Все согласно кивали, одновременно затягивались сигаретами, отпивали из толстых стаканов. Приваков заостренными пальцами ловко расщеплял миндальный орешек, выколупливал зеленоватое ядрышко. Уронил на ковер две пустые костяные дольки.
– Мы должны понимать, что, по мере того как разрастается схватка между "западниками" и "славянофилами", начинает проседать основная идеология. У нее все меньше и меньше талантливых выразителей. А это опасно и нежелательно. Задуманные нами преобразования возможны только в рамках господствующей идеологии и направлены на ее эволюцию. А если она просядет или, не дай бог, исчезнет, то наружу вылезут такие монстры, такие палеонтологические реликты, что никакой Берия с ними не справится, – тихим, чуть надтреснутым голосом произнес Цукатов. Его иссушенное, без следов растительности, утомленное лицо, комочки несвежей кожи под бесцветными, вялыми глазами не мешали ему выражаться точно и властно. В этом тесном кружке единомышленников он выглядел неназванным лидером, теснее прочих приближенным к сокровенному центру власти. Бумаги в красных аккуратных папочках, которые он клал на пустынный зеленый стол генсека, таили в себе невидимый отпечаток этих домашних бдений. Тихий шелест бумаг превращался в грохот гигантских строек, рев бомбардировщиков, государственные перевороты и войны. И в каждом взрыве, сдвигавшем границы стран, толкавшем вперед грозную историю века, были малые поправки, неуловимые смешения, вносимые этими незаметными миру советниками, чьи слабые голоса были неразличимы среди рева машин и армий.

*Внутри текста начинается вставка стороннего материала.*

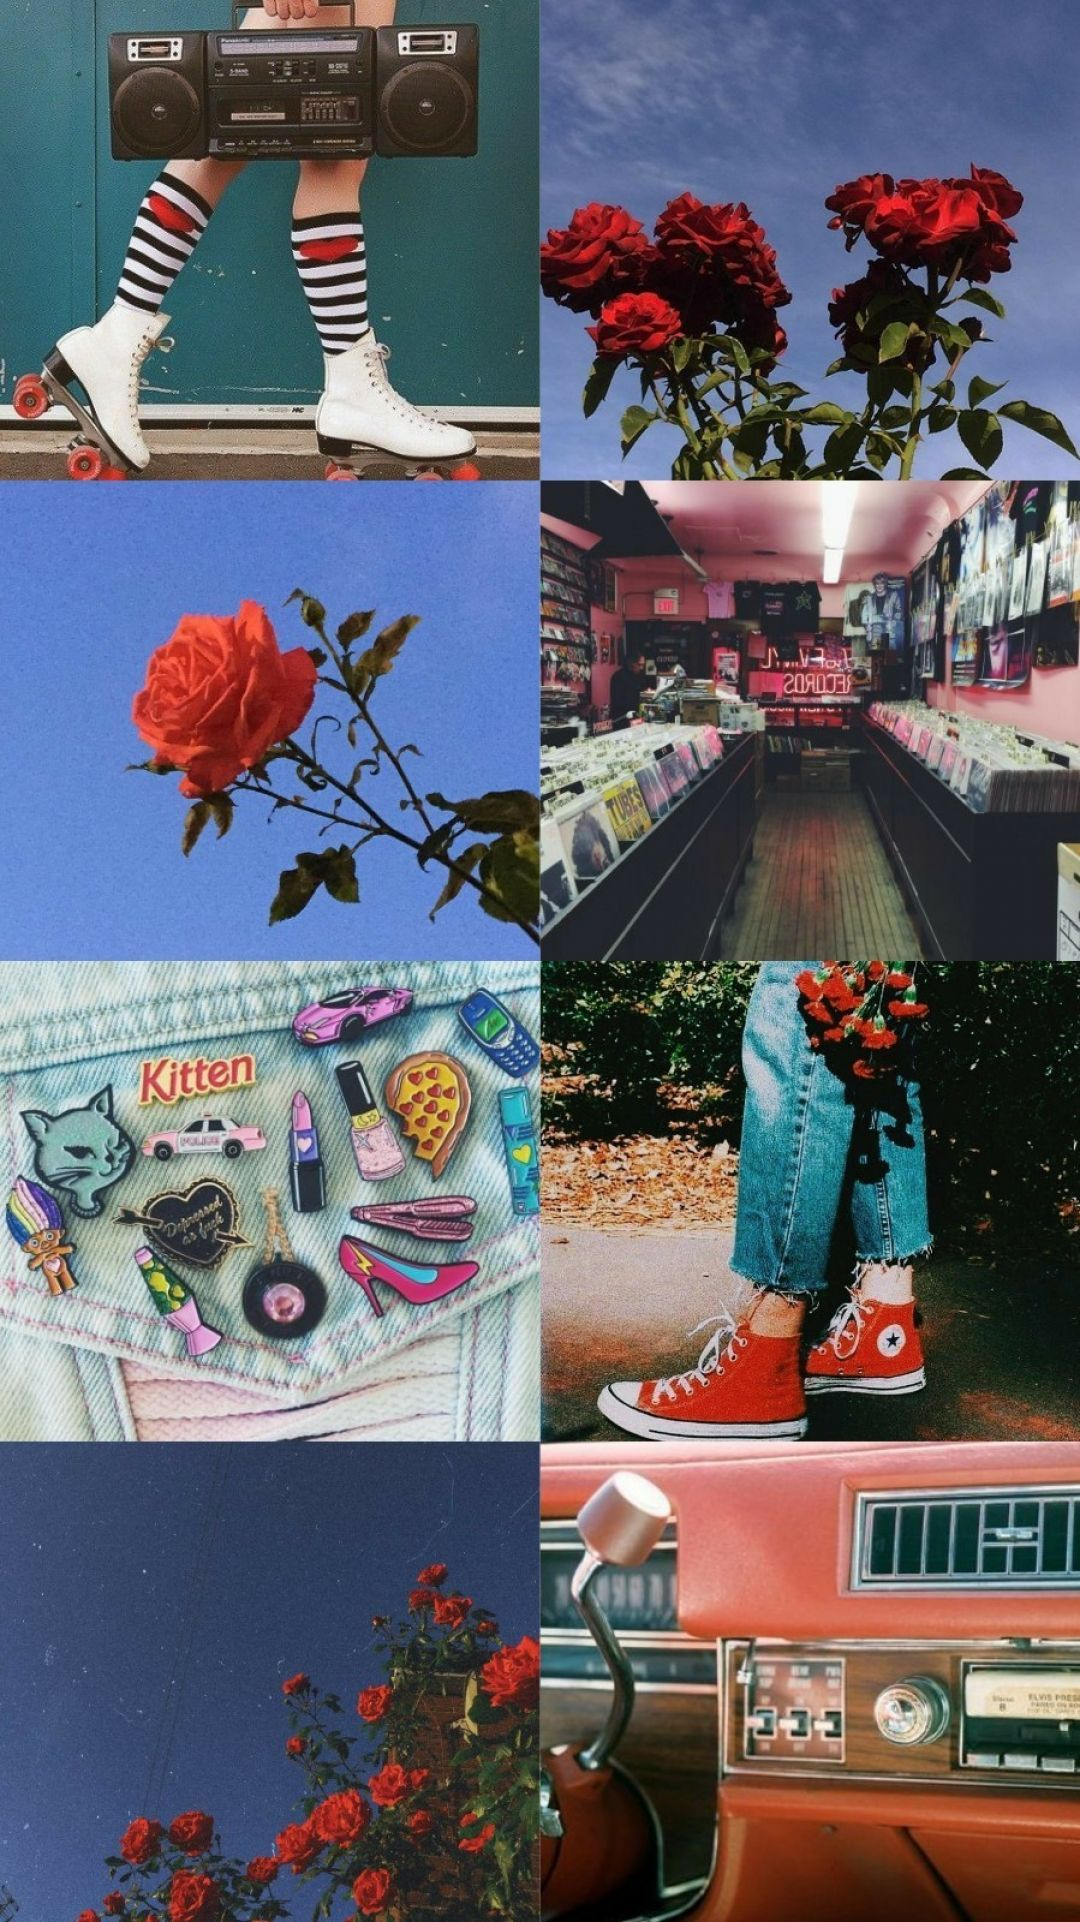 Download 90's wallpaper aesthetic anime for desktop or mobile device. Aesthetics Retro Wallpapers - Wallpaper Cave

– В этой связи хочу обратить внимание на недавнюю публикацию нашего молодого гостя. – Цукатов направил на Коробейникова свои выцветшие глаза, напоминавшие сухие васильки, долгое время пролежавшие в толстой книге. – Ваша блестящая статья об архитекторе-футурологе Шмелеве, о будущем советской цивилизации снимает конфликт "славянофилов" и "западников". Возвращает нашей базовой идеологии присущее ей дерзание, устремленность в будущее, футурологический, свойственный коммунистам пафос.
Коробейникова эта фраза застигла врасплох. Он казался себе случайным соглядатаем, ненужным и обременительным посетителем, которого курьезные обстоятельства на краткий момент занесли в круг избранных. Но, оказывается, о нем здесь знали, его работы учитывались. Как малый элемент, они вносились в общее здание, возводимое этими искусными архитекторами.
– Статья в самом деле вызвала интерес своей свежестью, обилием новых мыслей, энергичным и ярким стилем. – Бобин одобрительно качал одутловатой головой с рыжими, жигулевскими усами. – Я положил ее на стол одному из секретарей ЦК. Он ее прочтет обязательно.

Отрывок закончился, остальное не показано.